-- WHAT THE TASK REQUIRES --
In the records below, find the line with "skieurs en montagne photo", then copy each line exactly until you have copied the line with "Philipp Hammig Piccolo - 651/3 Cocus". Leave any picture out.

-- SOURCE DATA --
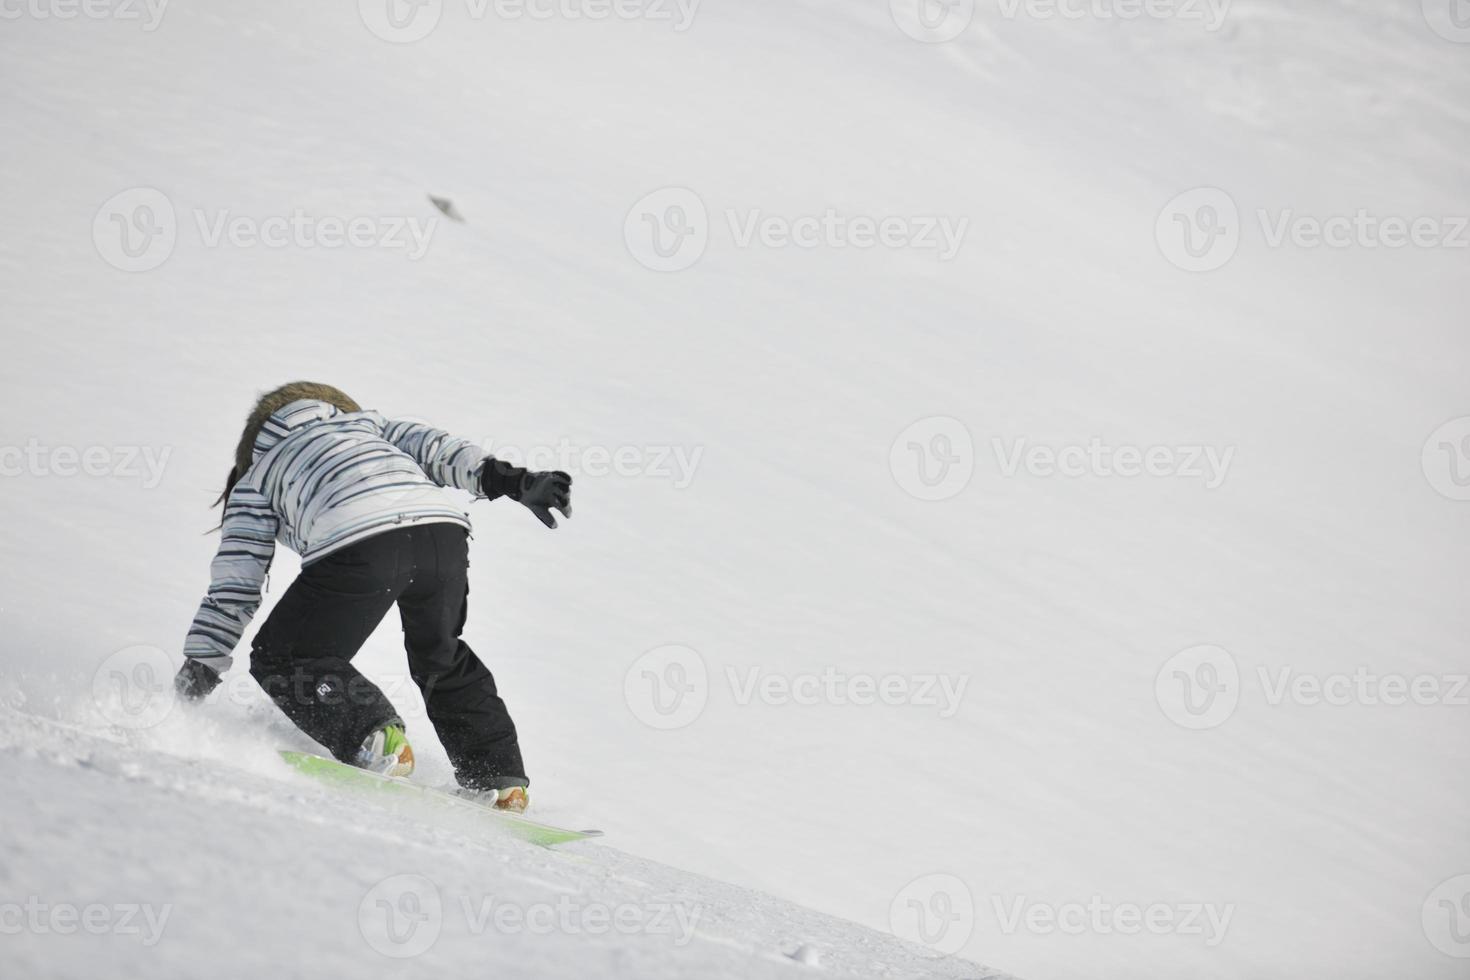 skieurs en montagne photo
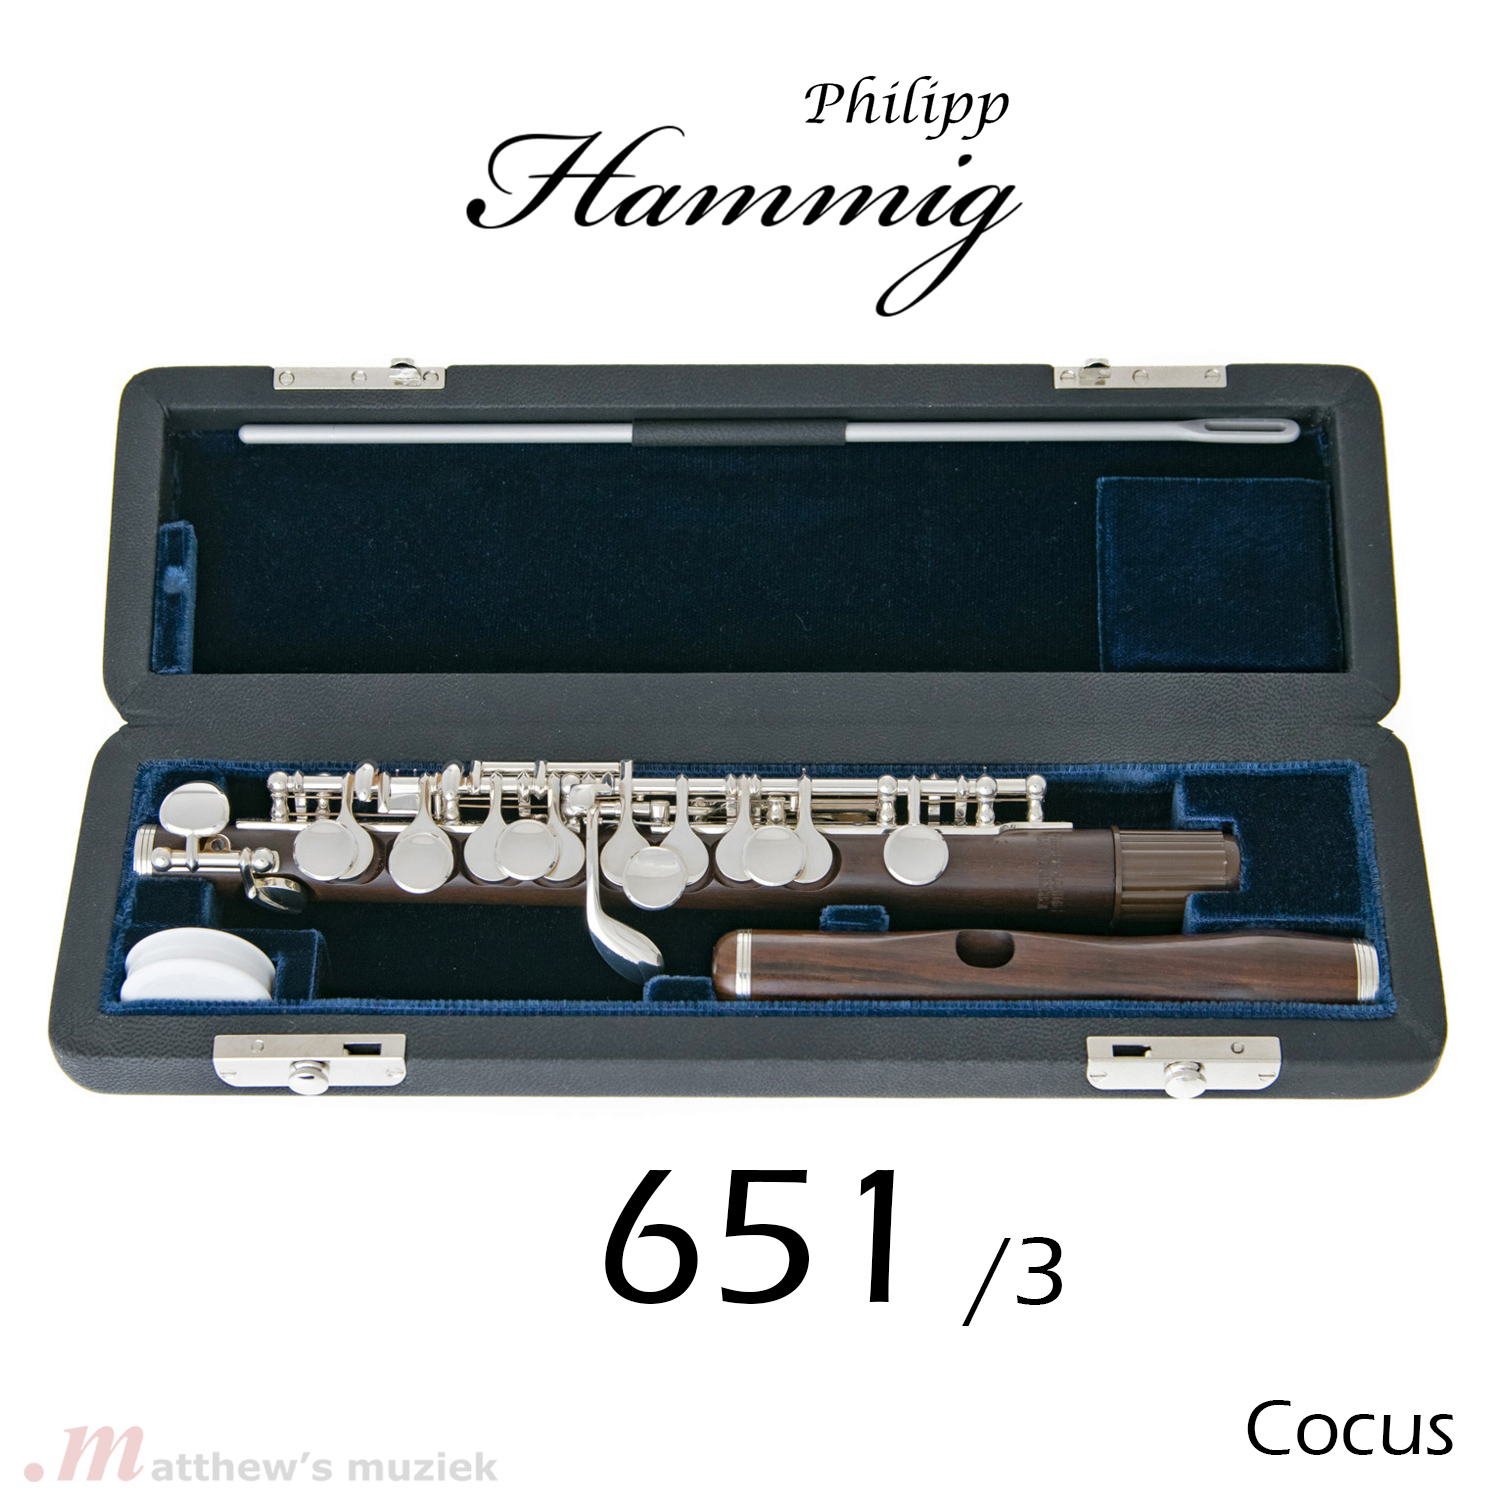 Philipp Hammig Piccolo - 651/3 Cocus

--

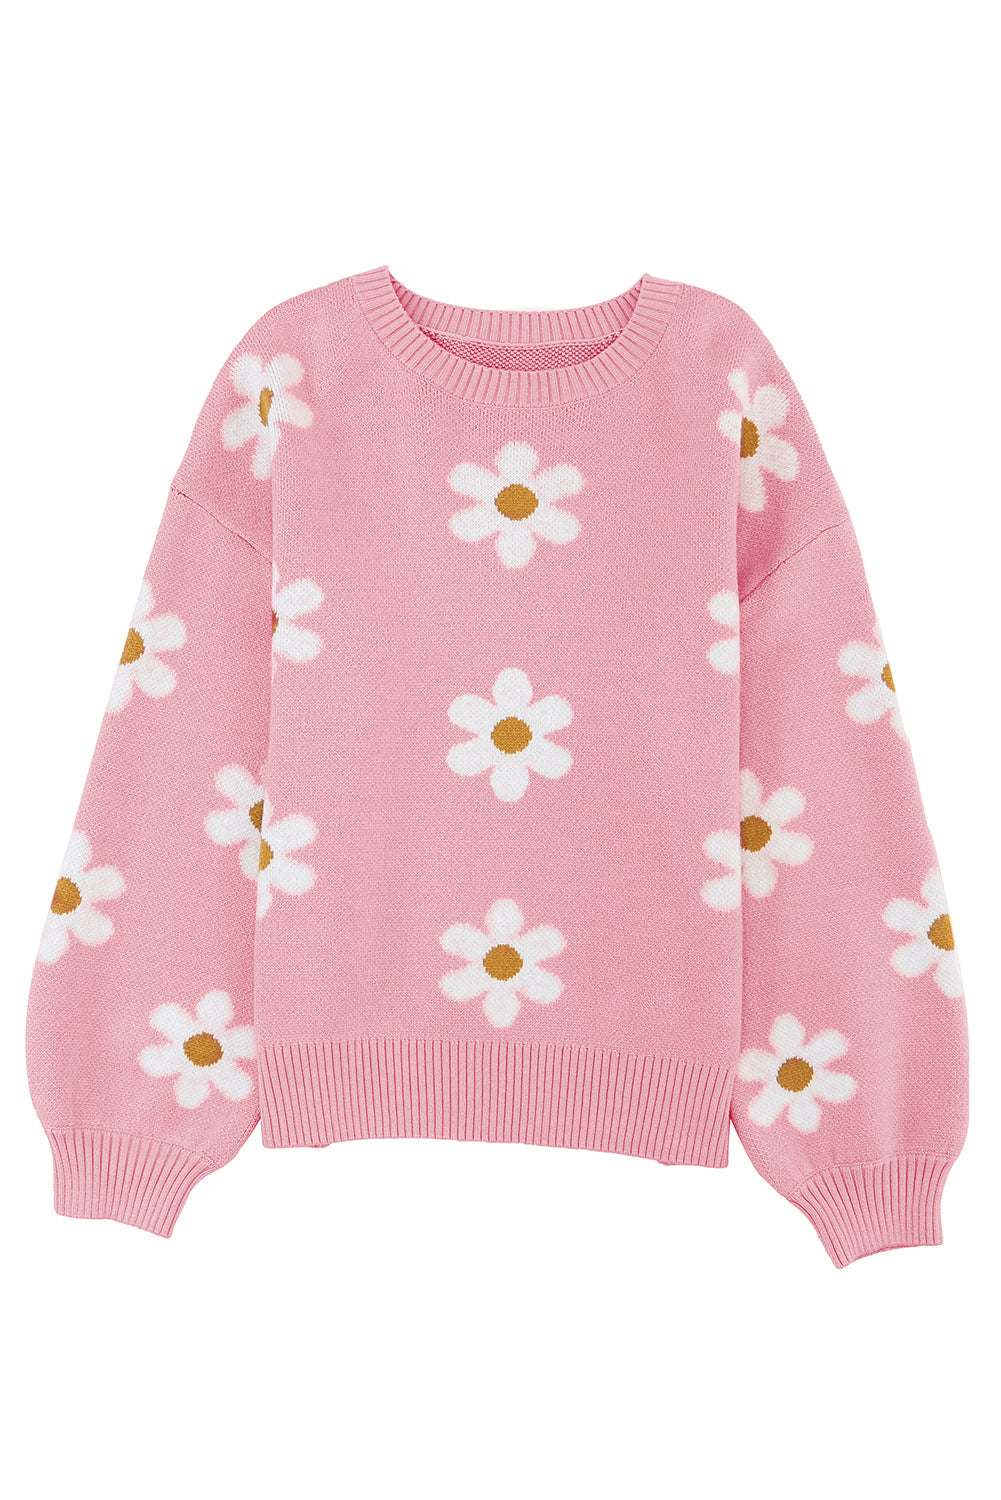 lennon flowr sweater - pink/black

* * *

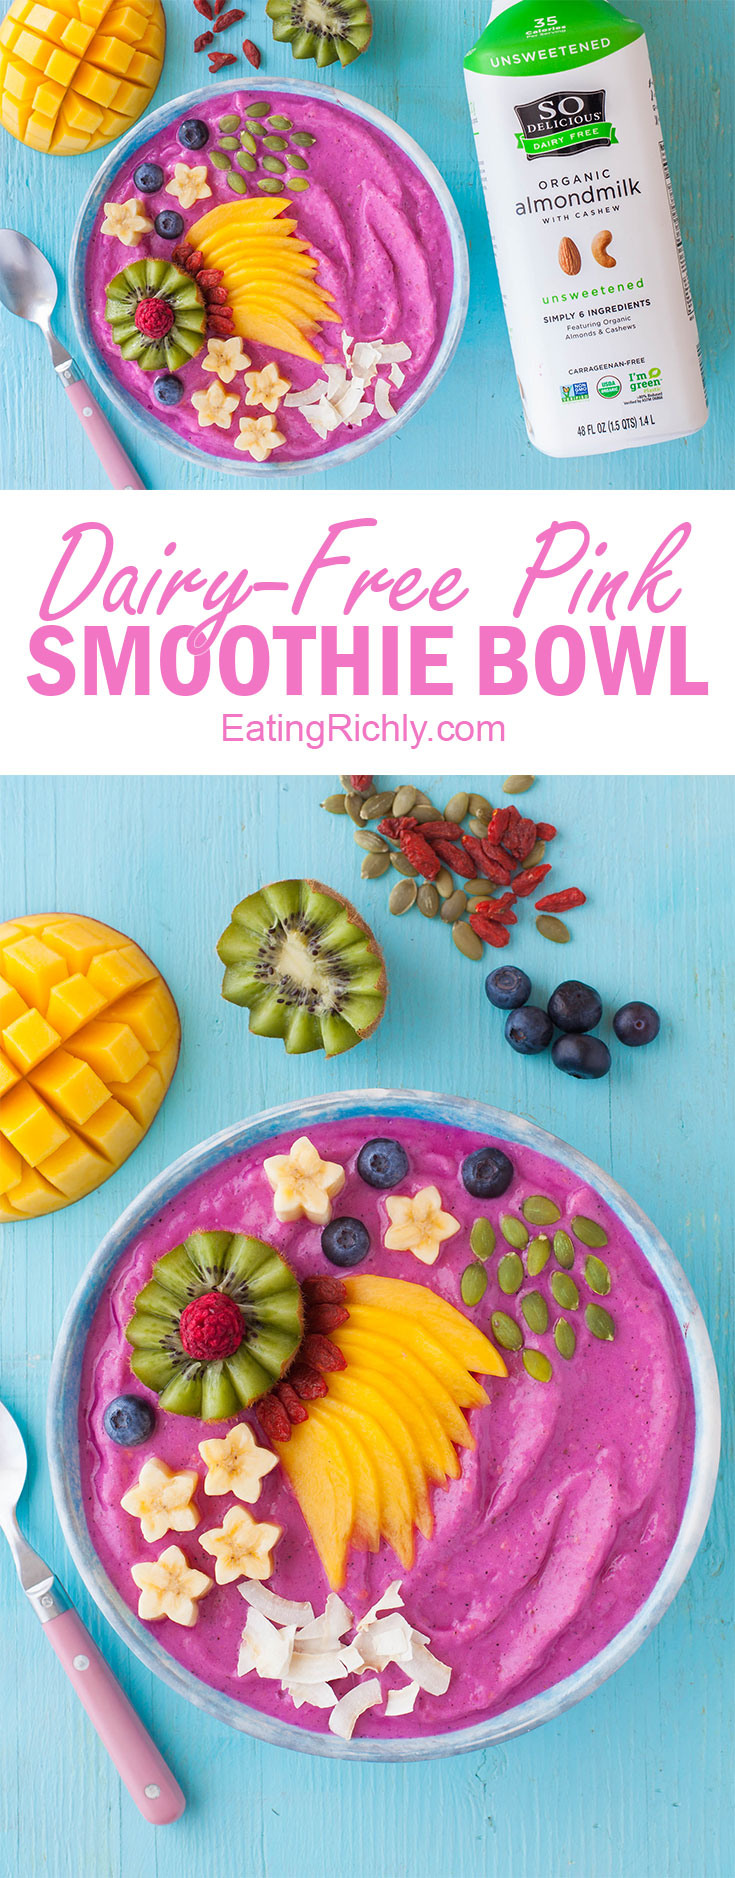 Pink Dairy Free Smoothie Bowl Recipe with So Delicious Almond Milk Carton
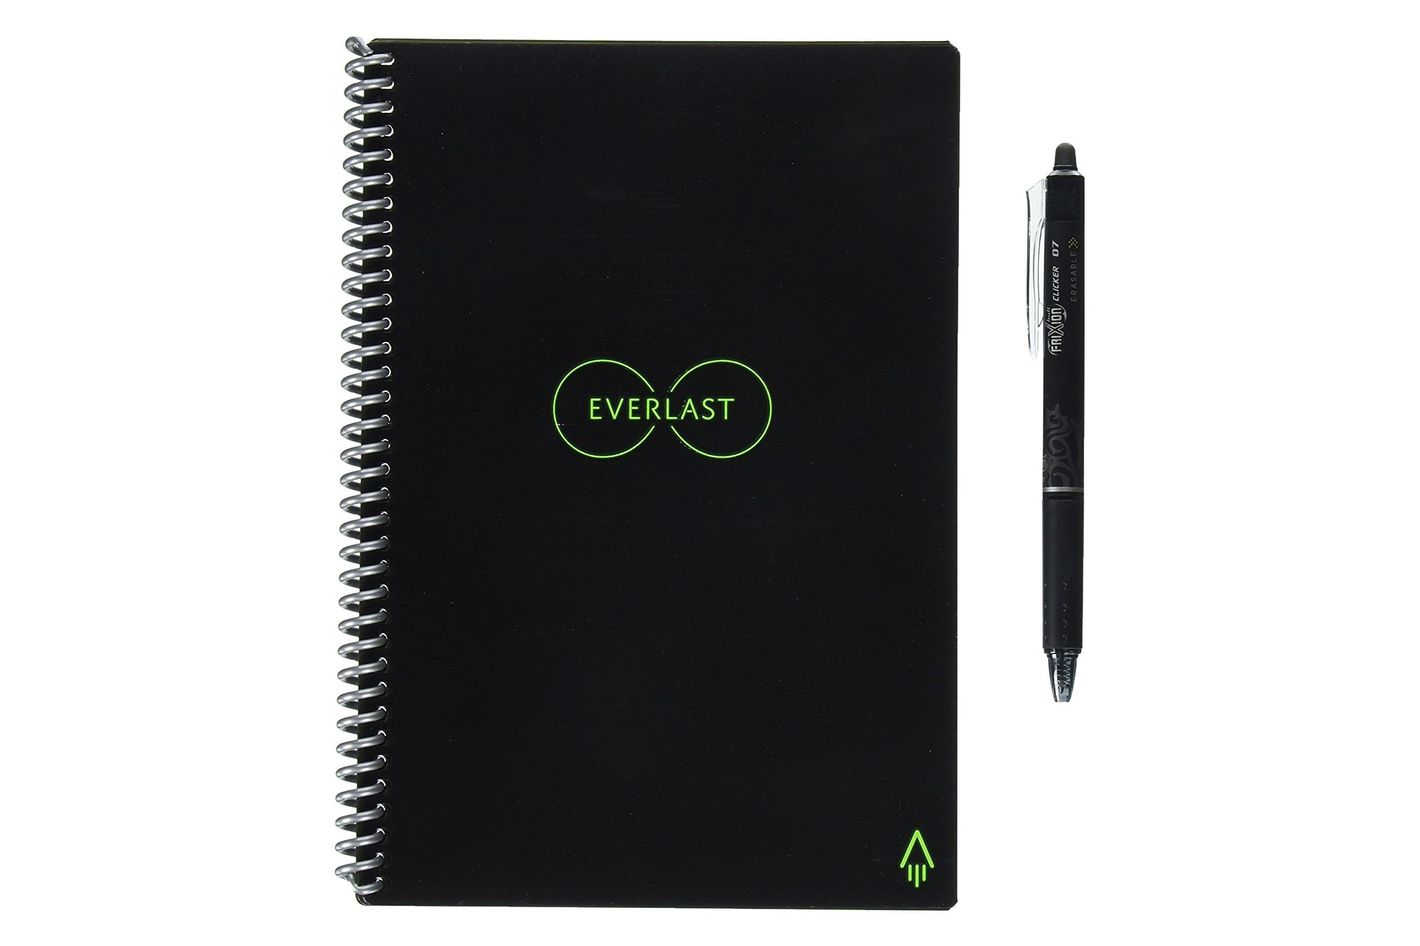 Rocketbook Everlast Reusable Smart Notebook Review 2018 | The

-- RESULT OF THE TASK --
 skieurs en montagne photo
 Philipp Hammig Piccolo - 651/3 Cocus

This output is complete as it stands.